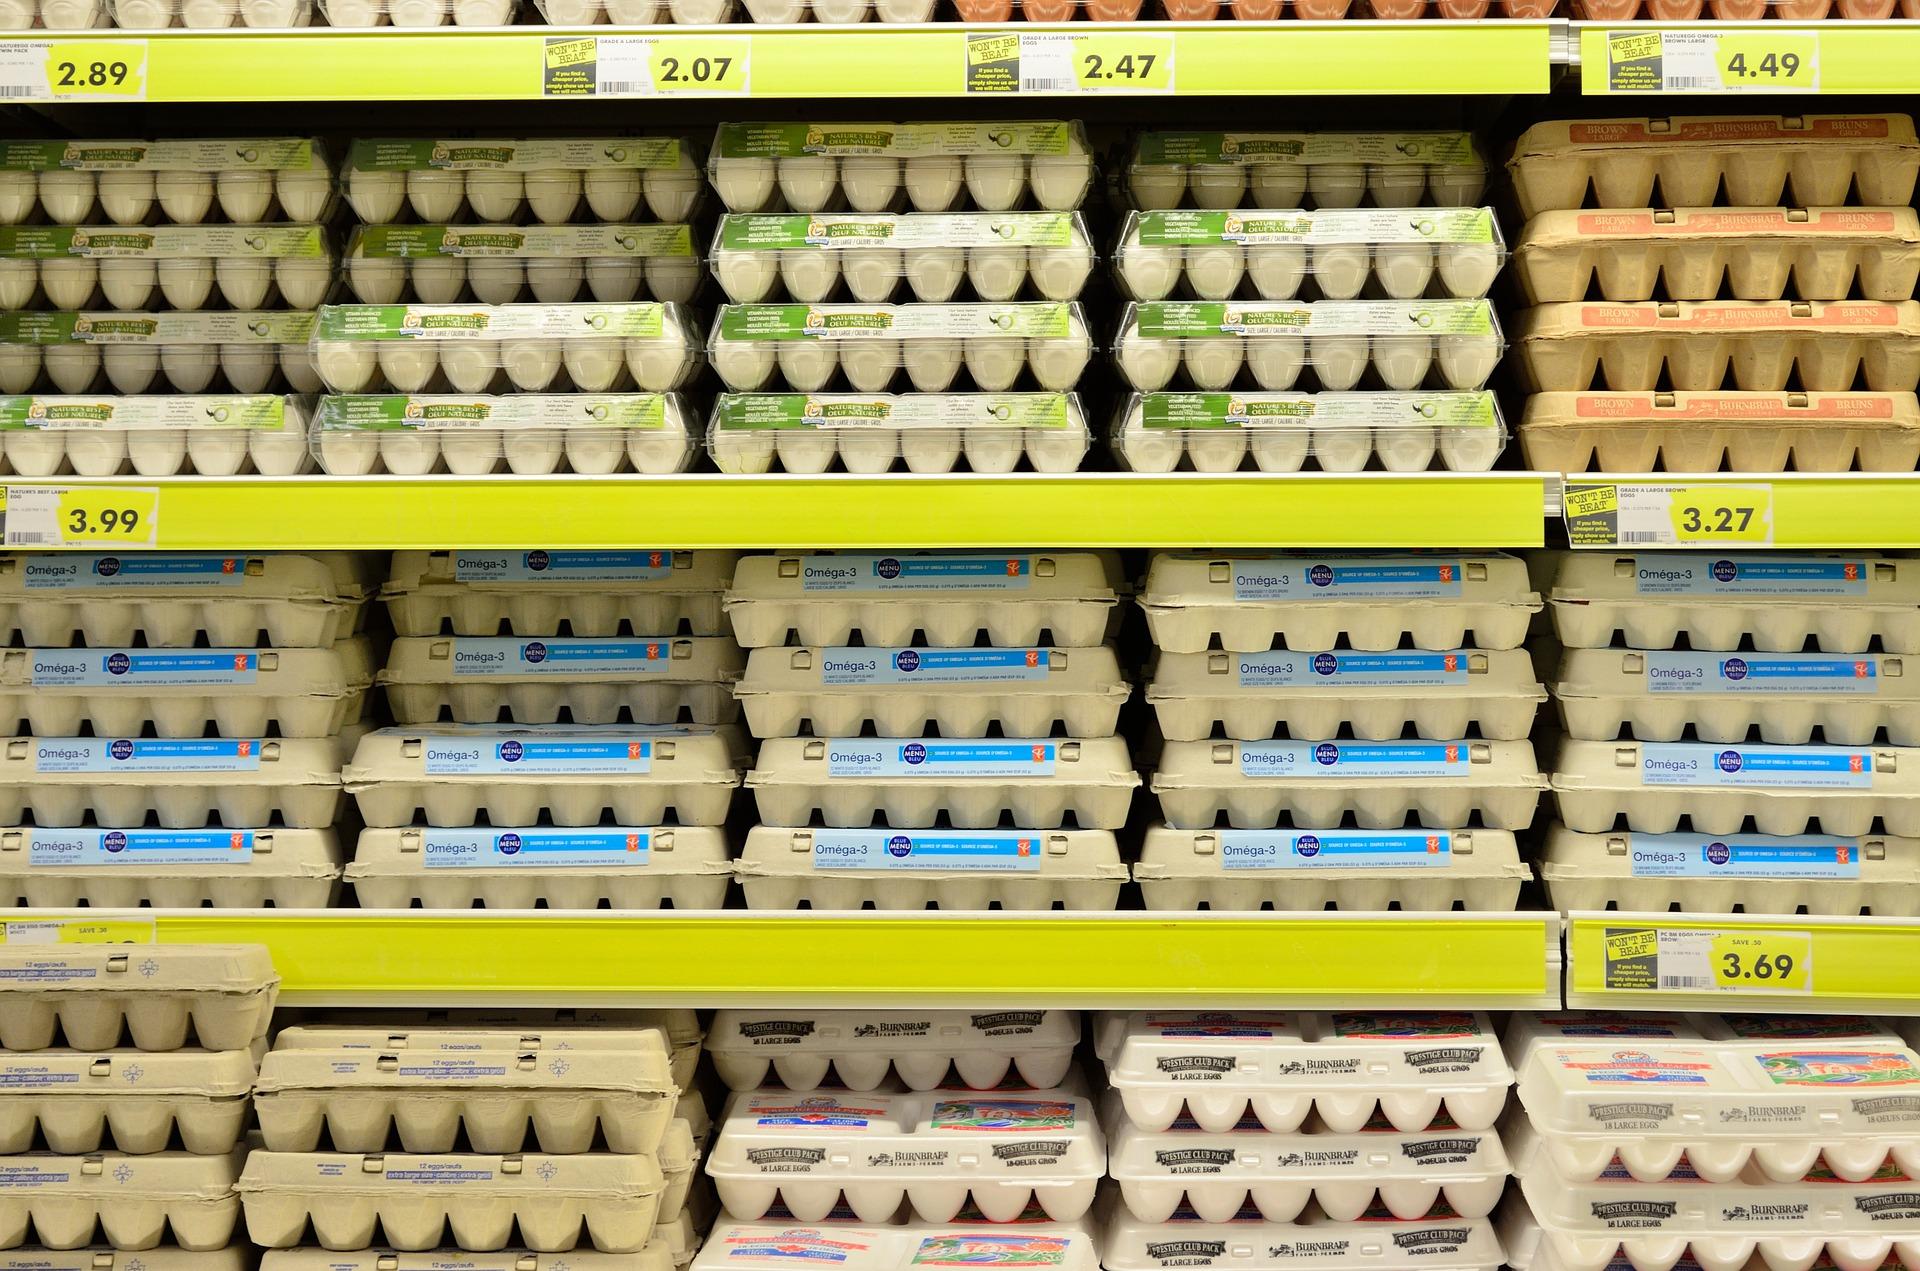 egg-1316407_1920.jpg
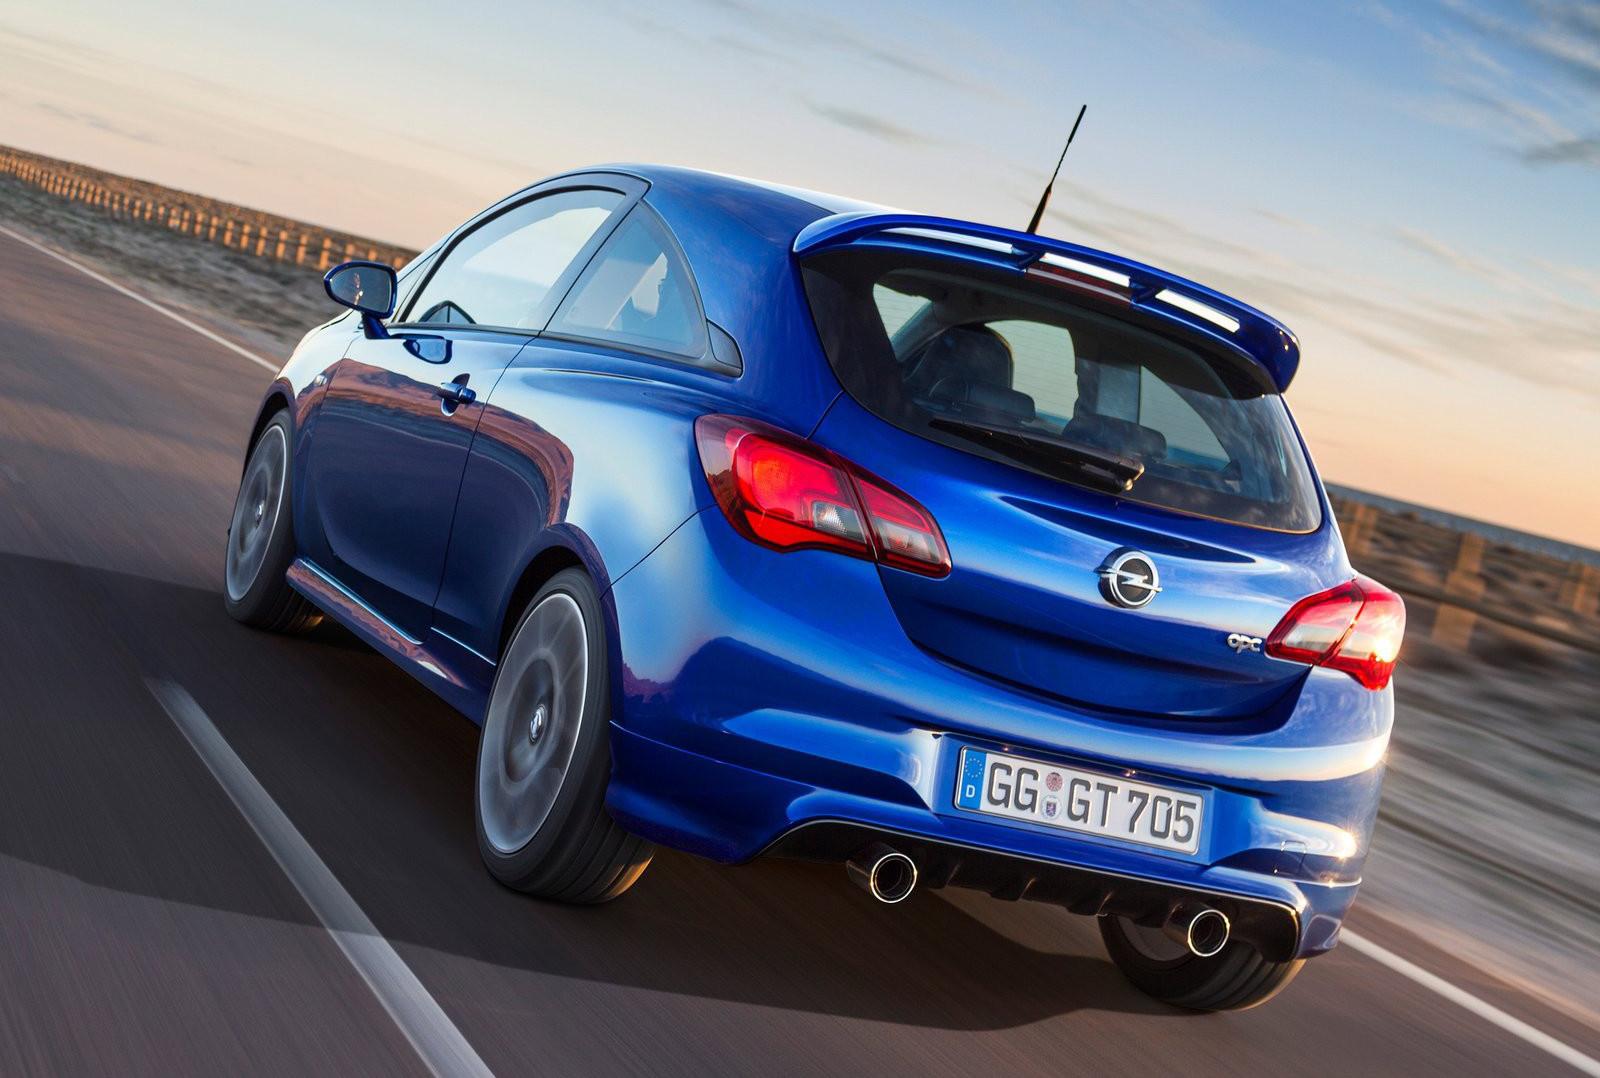 Opel Corsa (comparativa)
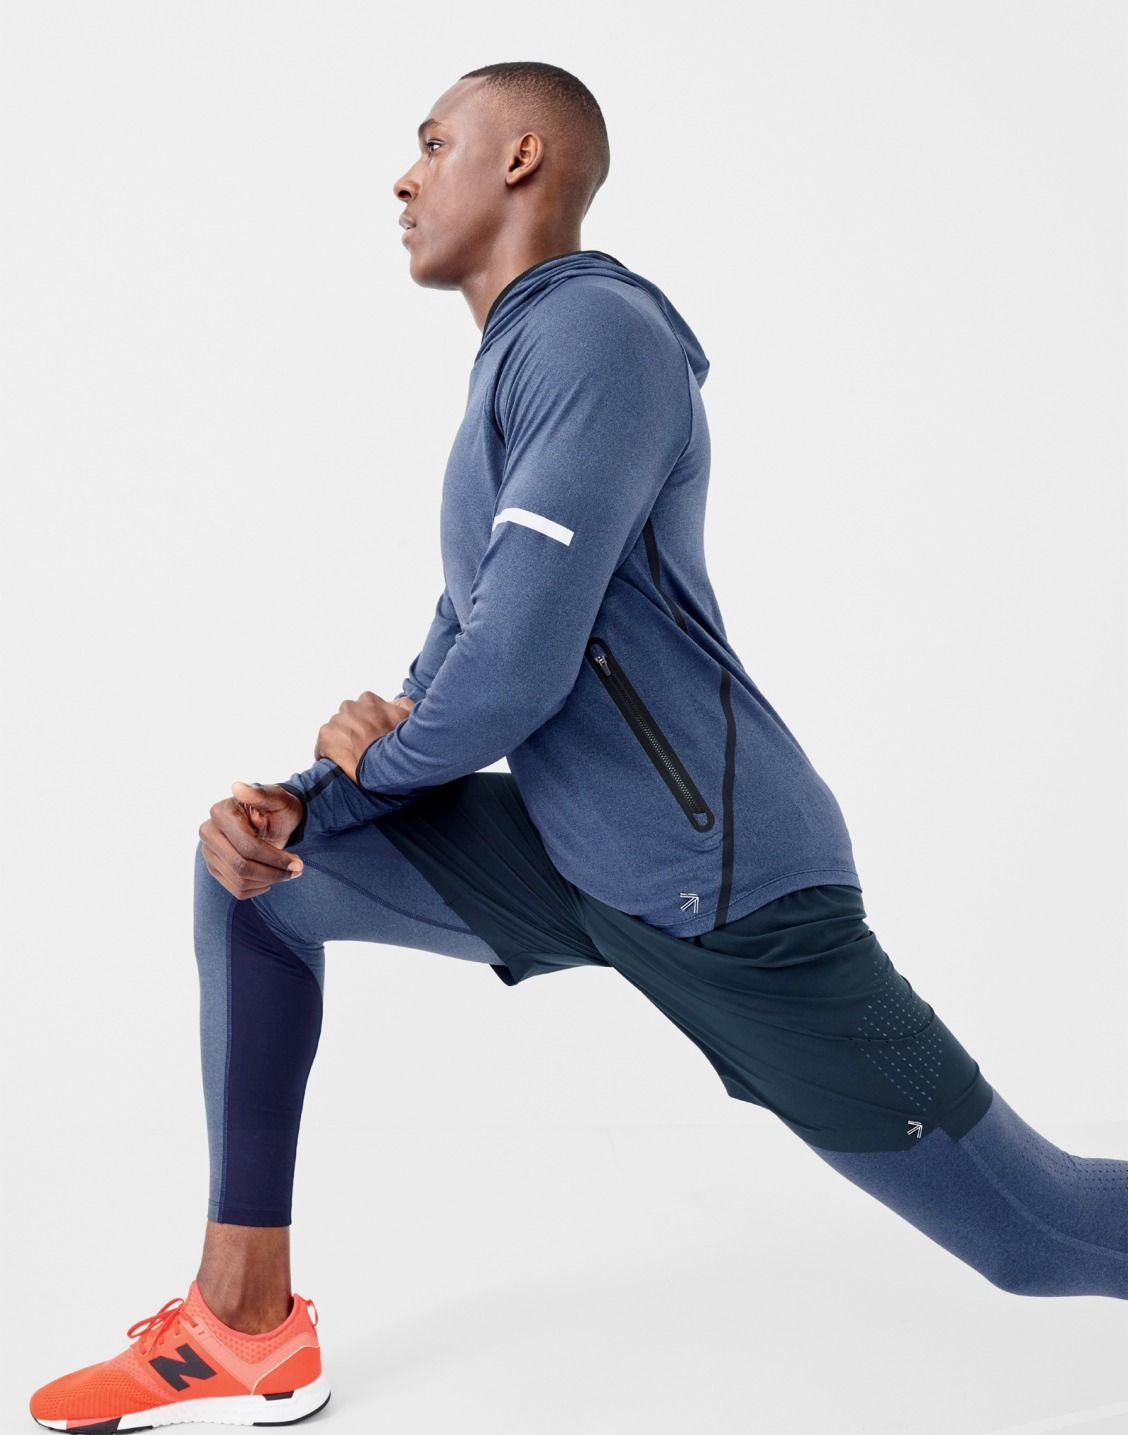 new balance träningskläder

- [Assigned task]: Reproduce the lines above exactly, image-free.

- [Solved problem]:
 egg-1316407_1920.jpg
 Opel Corsa (comparativa)
 new balance träningskläder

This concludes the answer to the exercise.